И вот еще что странно, она никогда не думала о Марии Иосифовне как о реальном человеке, как о той женщине, у которой училась и которую иногда встречала на улице вместе с Вячеславом Ивановичем. С ним Мария Иосифовна представлялась ей подругой, которую можно выслушать, можно пожалеть и повиниться перед ней. Но когда Любка оставалась одна, она вспоминала, кто эта женщина, и начинала робеть перед нею...
Когда Вячеслав Иванович уходил, она еще спала. Но всем своим существом, сквозь сон и сквозь память, она ощущала, как хочется ему еще побыть с нею. В комнате уже было светло, и она боялась открыть глаза, боялась показать, что слышит, как он ходит по комнате, растерянно помигивая, смотрит на нее. Уже ступив через порог, он вдруг возвращался, долго распутывал затянувшиеся на узлы шнурки ботинок и на цыпочках подходил к ней.
— Люба,— тихо шептал Вячеслав Иванович, и в его голосе слышались растерянность и печаль. Он склонялся над нею, тихо целовал в губы, поправлял одеяло и опять шел обуваться. Когда дверь осторожно прикрывалась за ним, Любка моментально вскакивала с постели и бежала к окну. Дрожа, переступая на холодных половицах, она следила за тем, как Вячеслав Иванович спускается с крыльца, отворяет калитку, смотрит на ее дом и медленно бредет затем по пустынной улице. Когда Вячеслав Иванович скрывался за углом, Любка торопливо перебегала комнату, бросалась в еще не остывшую постель и, свернувшись калачиком, мгновенно засыпала. Так было полтора года, так было до того вечера, когда к ней пришла Мария Иосифовна, и она, Любка, с пугающей ясностью, отчетливо и мгновенно поняла, что в ее жизни случилось...
8
Осень стояла покойная. Затихшие дали, высветленные ночными заморозками, томились в ожидании низового ветра-листобоя. А пока еще ярились лимонно-желтым цветом редкие березняки, багрово пылал осинник и догорали последние цветы девясила. Но уже заходил медлительный листопад. Сорвется нечаянный лист и широкими кругами планирует к земле, а рядом и еще один плывет по ясному воздуху, вздрагивая и переворачиваясь, и просвечиваясь в лучах заходящего солнца до последней прожилки. Подставишь ладонь под такой лист и ощущаешь его трепетную невесомость, и пустишь дальше в полет, о чем-то думая сожалеючи.

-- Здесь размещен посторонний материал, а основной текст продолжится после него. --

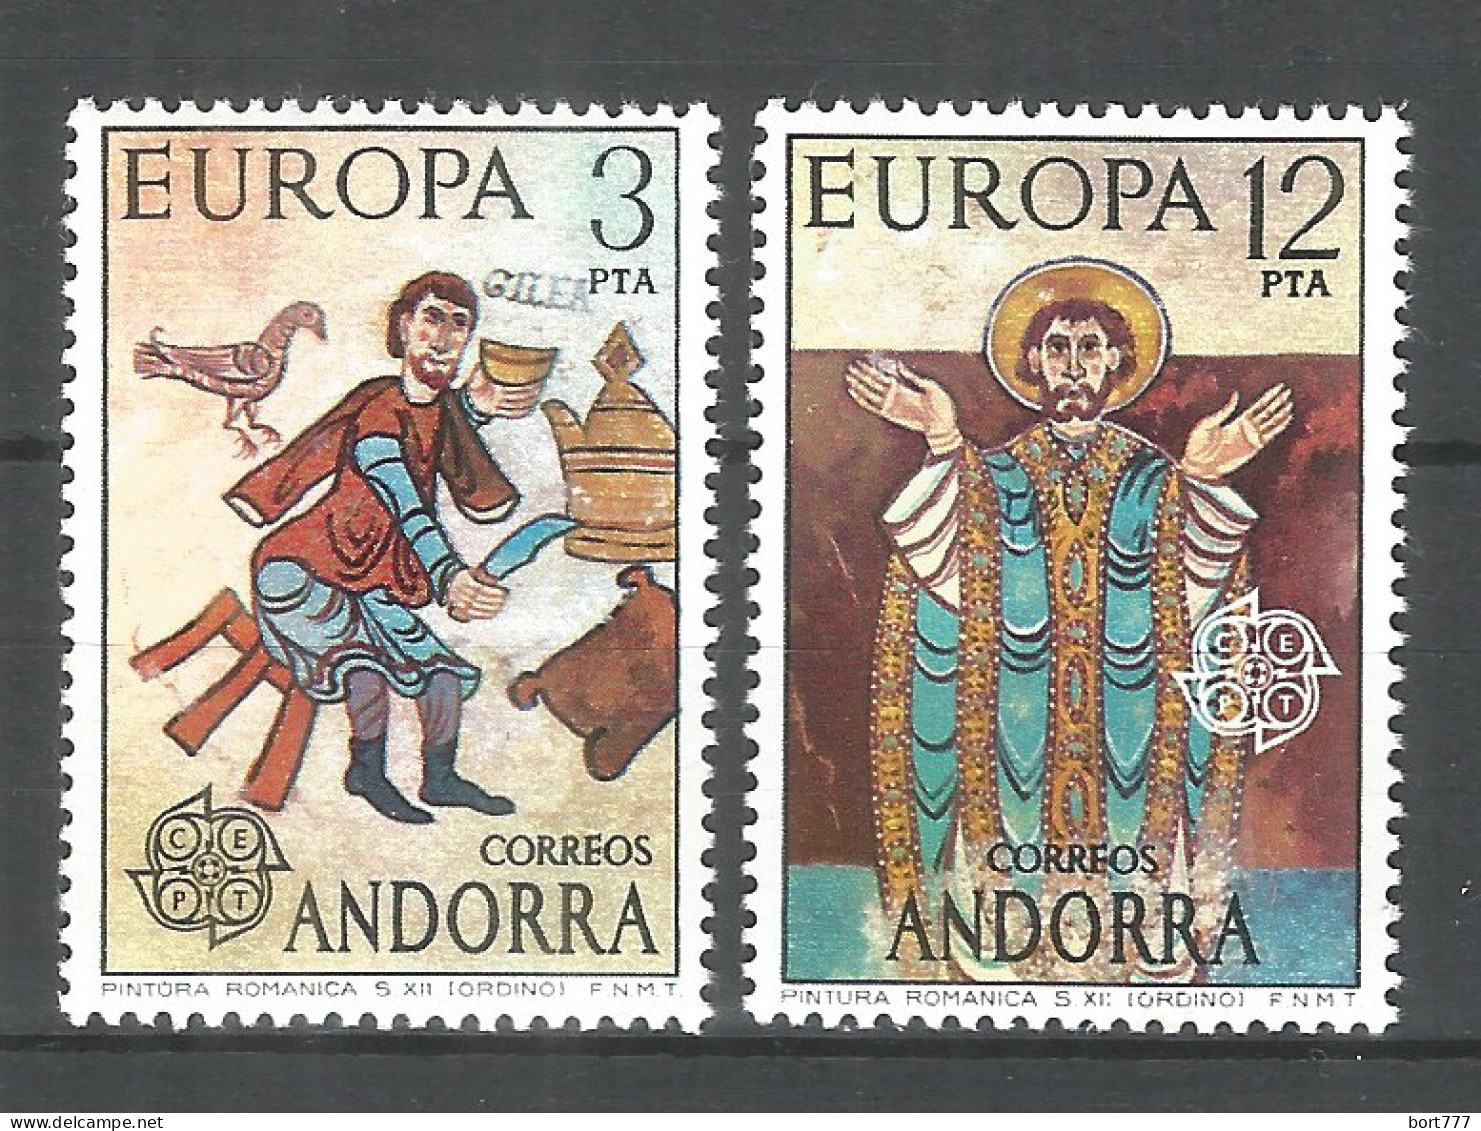 Spanish Andorra 1975 , Mint Stamps MNH (**) Europa Cept - Nuevos
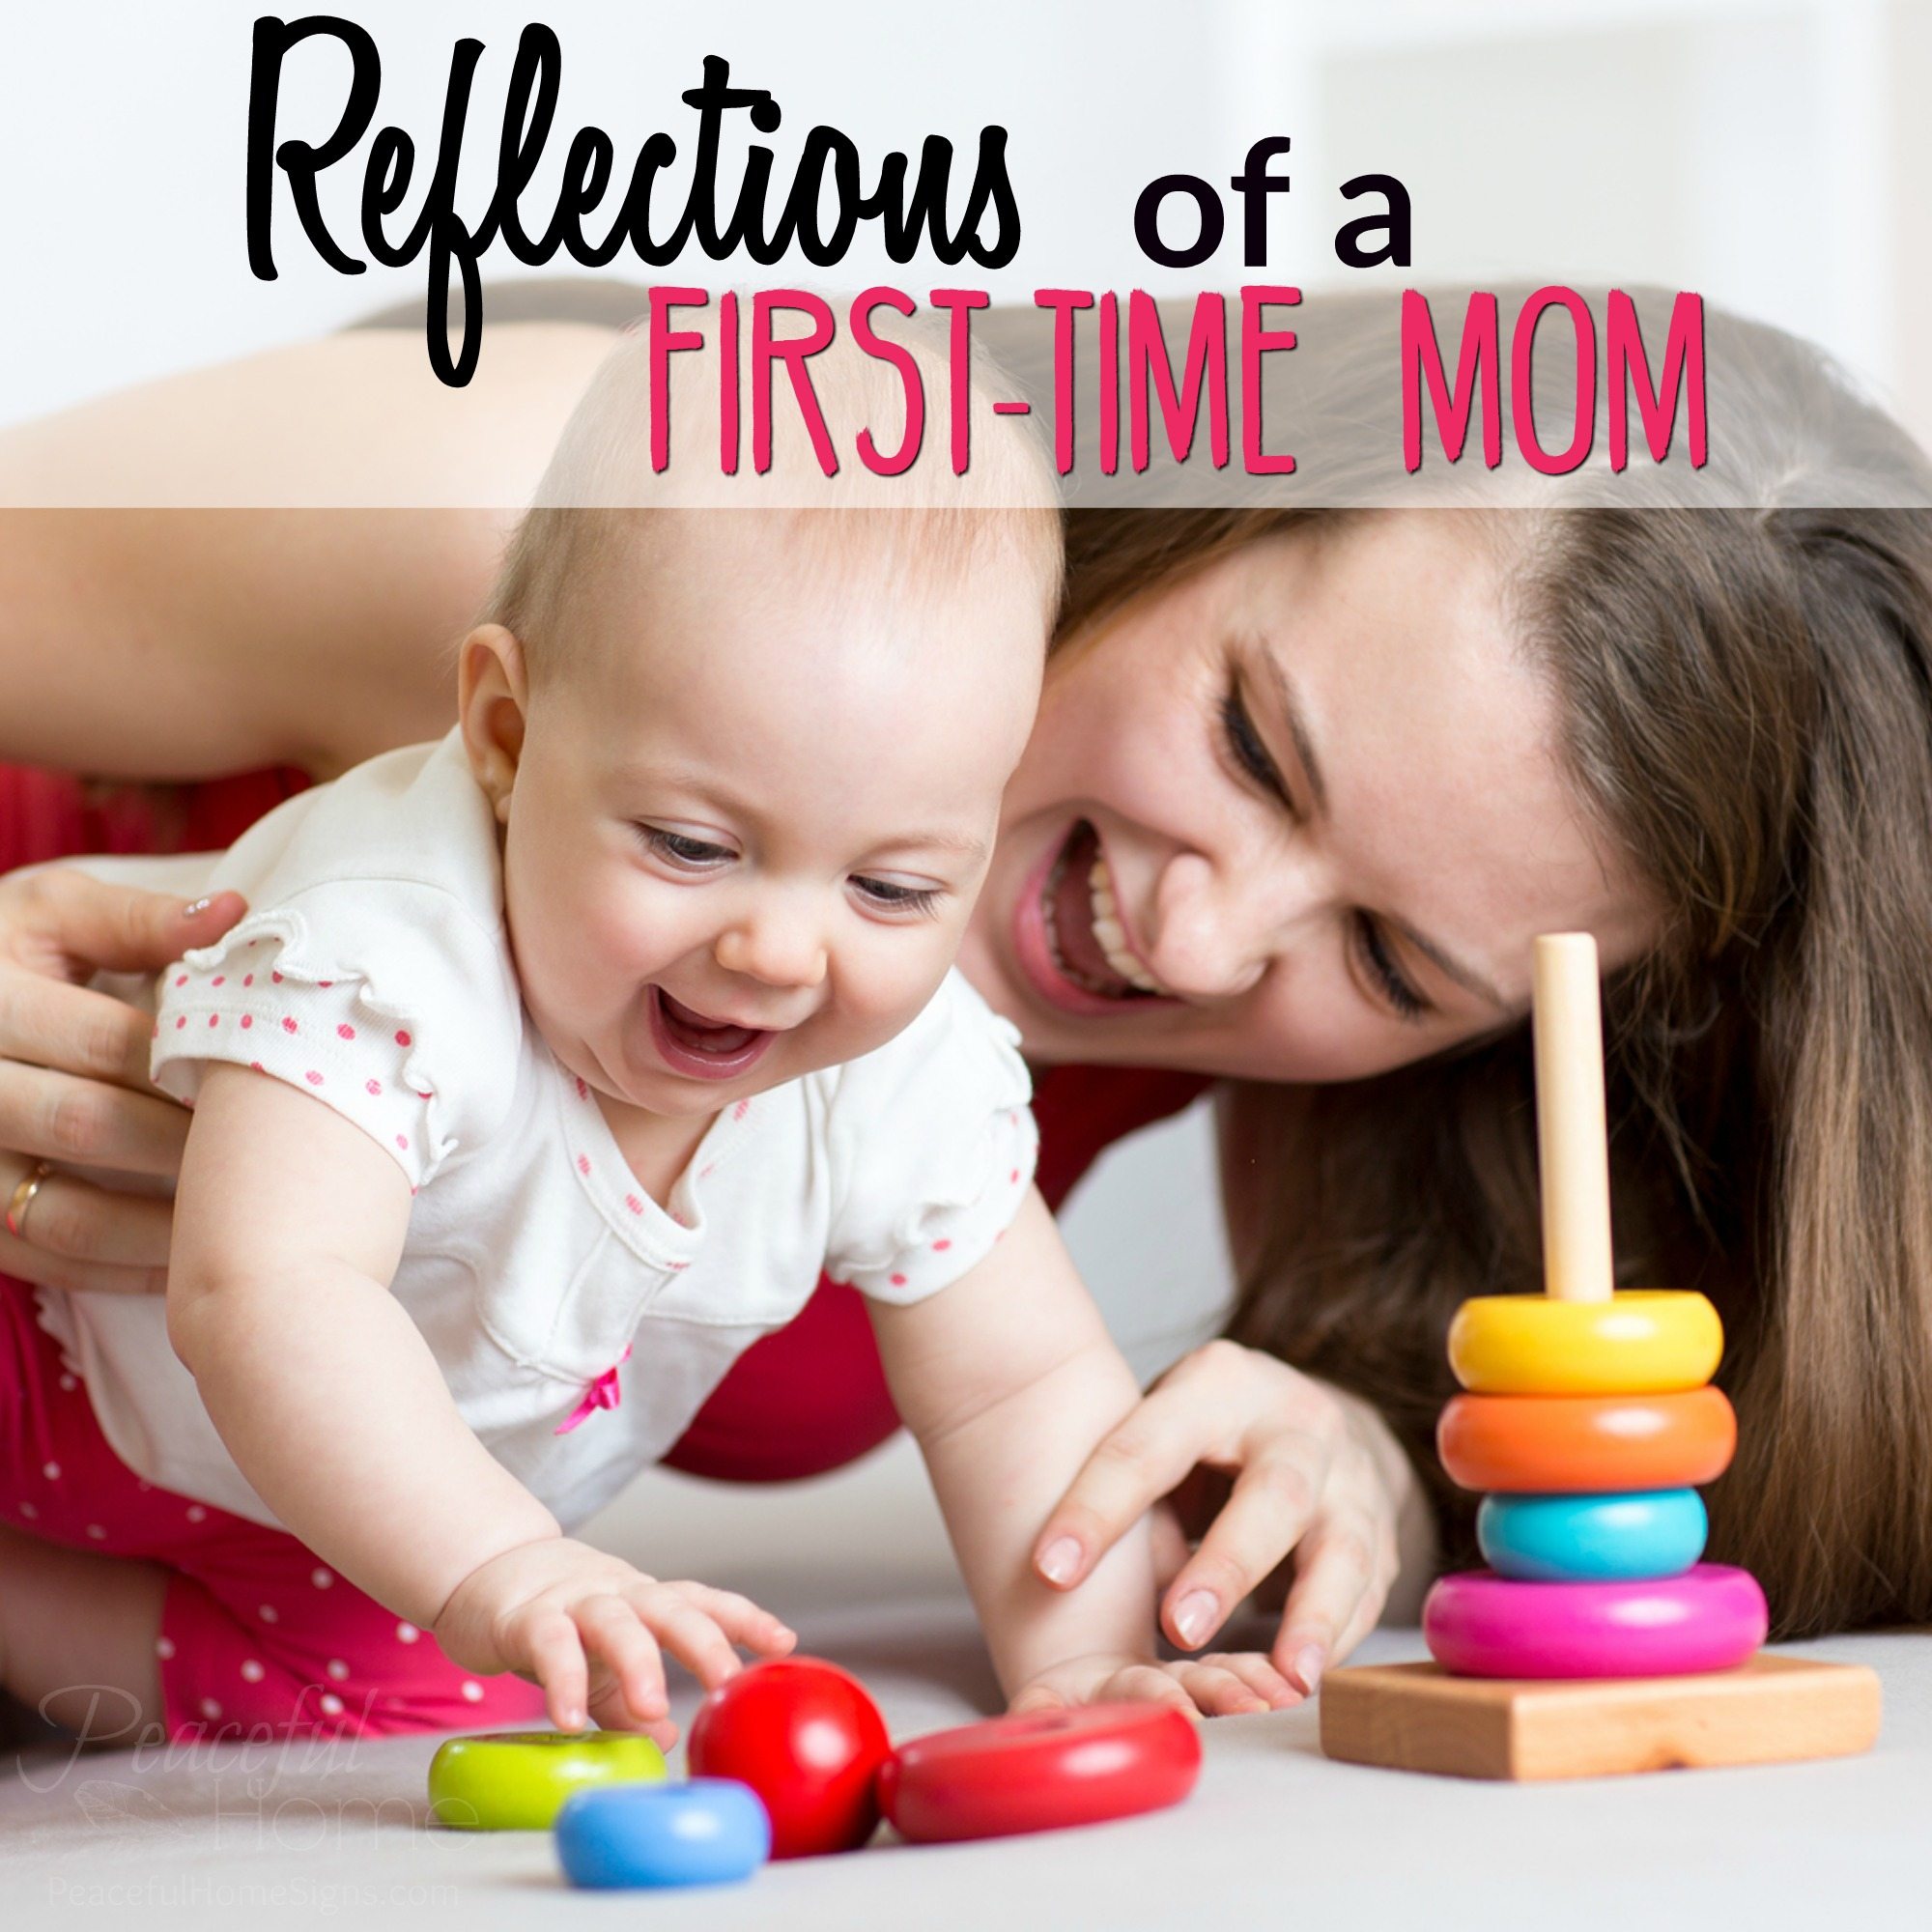 Reflections of a First-Time-Mom

Осень. Грустная пора. Но грусть эта осветленная, такая, о которой не всякому скажешь, да и себе не всякий раз признаешься в том, что вдруг затомило душу, поманило в такие дали, о которых еще вчера и думать не помышлял.
Осень. Пора синего неба и звонкого воздуха, по которому плывут, перекликаясь, птичьи караваны. А следом, с севера, заходят медлительные тучи, вначале высокие и светлые, затем низкие и почти черные, с лазоревыми просветами. И вот уже с вечера шумнул робкий низовик, грохнул где-то ставней, опрокинул порожнее ведро и вроде бы стих. Но ночью вдруг проснешься от какой-то тревоги в себе, а на улице громыхает, стонет что-то и плачет, и догадываешься — пришел-таки листобой. А утром глянешь в окно — и тайги не узнаешь. Голая, неуютная, бесцветная, пригорюнилась Матушка, яро проступив зеленью хвои. Осень. Кончилась...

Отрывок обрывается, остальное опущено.